Ces jeunes, qui devraient être assis sur les bancs de l’école, arpentent plutôt les artères de la ville, exposés à toutes les formes de vulnérabilité. Une situation qui illustre crûment une réalité persistante, bien loin des discours officiels.

Une Journée mondiale au goût amer

Le 16 avril, à l’occasion de la Journée mondiale contre l’esclavage des enfants, cette réalité a pris une résonance particulière. À Kananga, cette journée n’a pas été une simple commémoration, mais un révélateur d’un phénomène profondément enraciné.

Des acteurs de la société civile ont saisi cette occasion pour interpeller l’opinion publique et les autorités, appelant à une prise de conscience urgente face à ce qu’ils considèrent comme une forme moderne d’exploitation des enfants.

La société civile hausse le ton

Parmi les voix les plus engagées, celle de la structure La Voix des Jeunes du Grand Kasaï (VJKA-ASBL), dirigée par sa coordonnatrice Merveille Tshibola, dénonce une situation préoccupante. Selon elle, abandonner un enfant à la rue revient à compromettre l’avenir même de la République démocratique du Congo.

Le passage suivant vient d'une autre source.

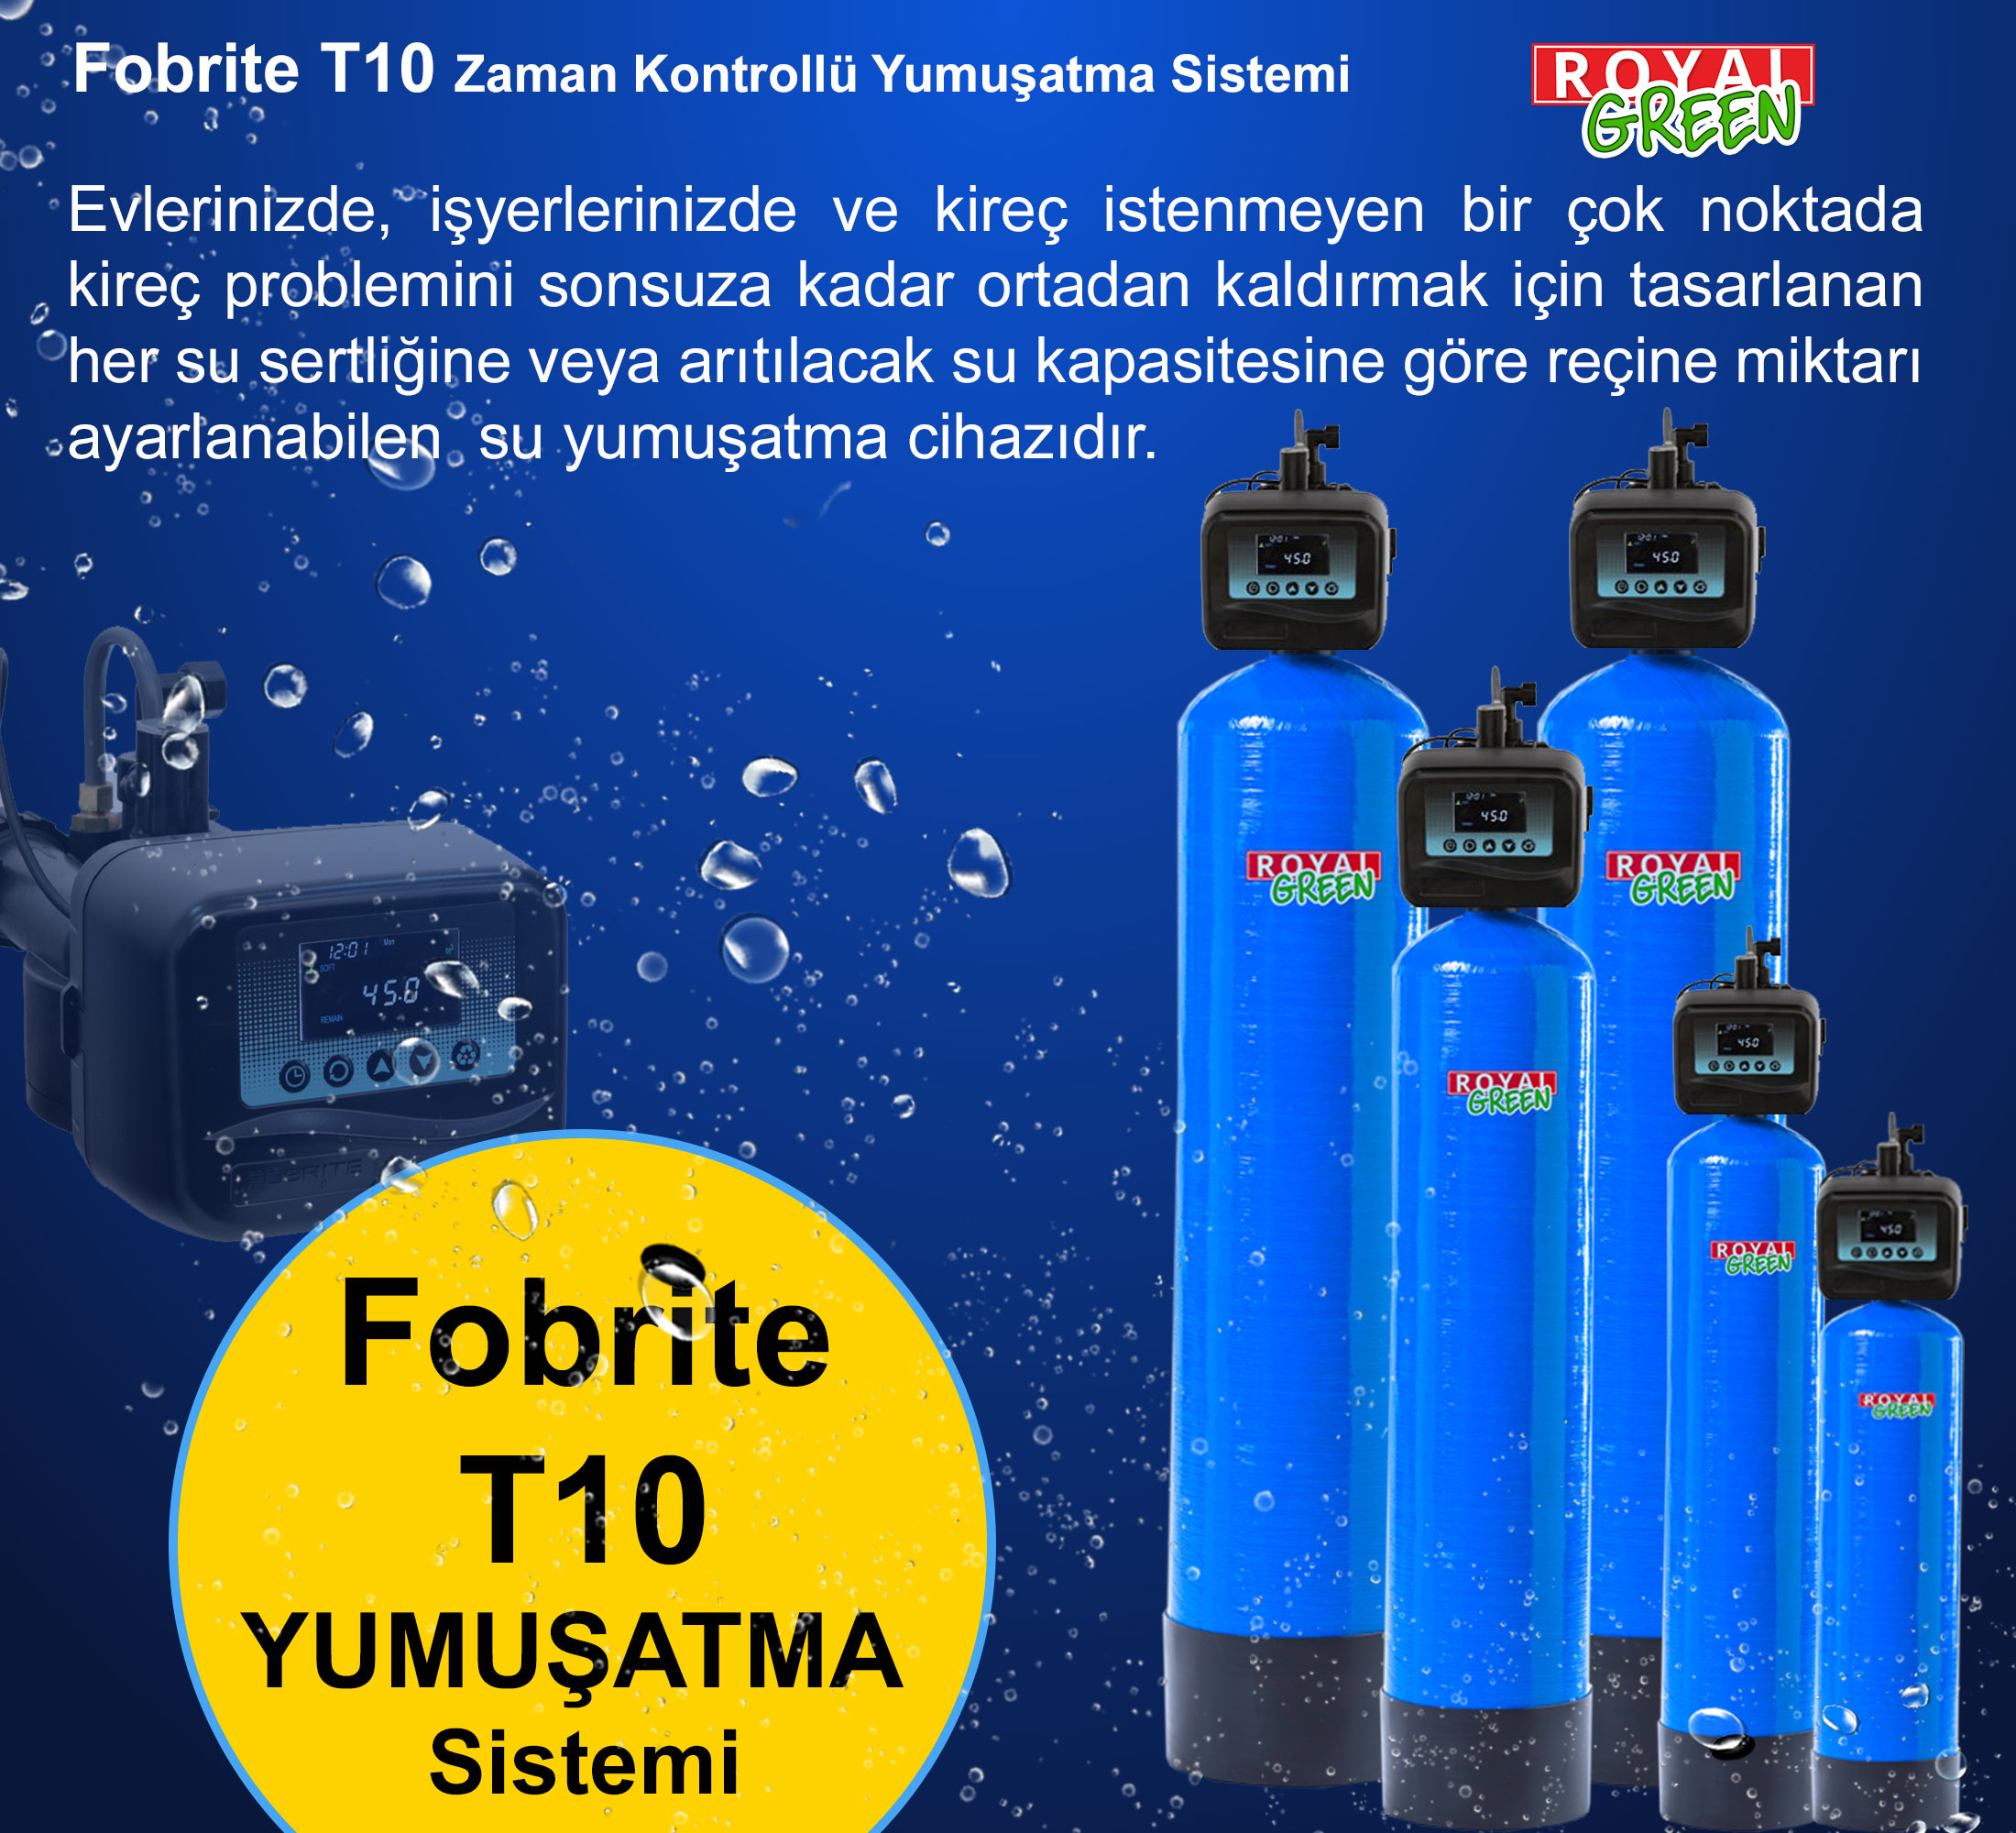 fobrite t10 yumusatma sistemi banner

Elle souligne qu’au Kasaï-Central, de nombreux enfants sont arrachés à leur environnement naturel (la famille, l’école et les espaces de socialisation ) pour être plongés dans des activités pénibles, notamment dans les marchés, les carrières ou sur les routes.

Des pratiques assimilées à une forme d’esclavage

Pour plusieurs observateurs, cette situation tend à se banaliser, au point d’être tolérée dans certaines couches sociales. Pourtant, les conséquences sont lourdes : exposition aux dangers, mendicité forcée et travaux pénibles deviennent le quotidien de ces mineurs.

La présidente provinciale du Cadre de concertation de la jeune fille rappelle que le foyer doit rester un espace de protection. De son côté, Vincent Kayembe Tshiamumanya, coordonnateur provincial de la Commission nationale des droits de l’homme, condamne fermement ces pratiques, qu’il juge inacceptables.

Un appel pressant à l’action

Au-delà du constat, la société civile lance un appel clair : la lutte contre l’esclavage des enfants ne peut se limiter à des discours. Elle exige des actions concrètes, des politiques publiques adaptées et une responsabilisation accrue des parents.

À Kananga, derrière chaque enfant exploité se dessine une crise silencieuse : celle d’une génération privée de ses droits fondamentaux. Face à cette réalité, les acteurs locaux ne demandent plus ( ils exigent ) des mesures urgentes pour protéger l’enfance et restaurer sa dignité.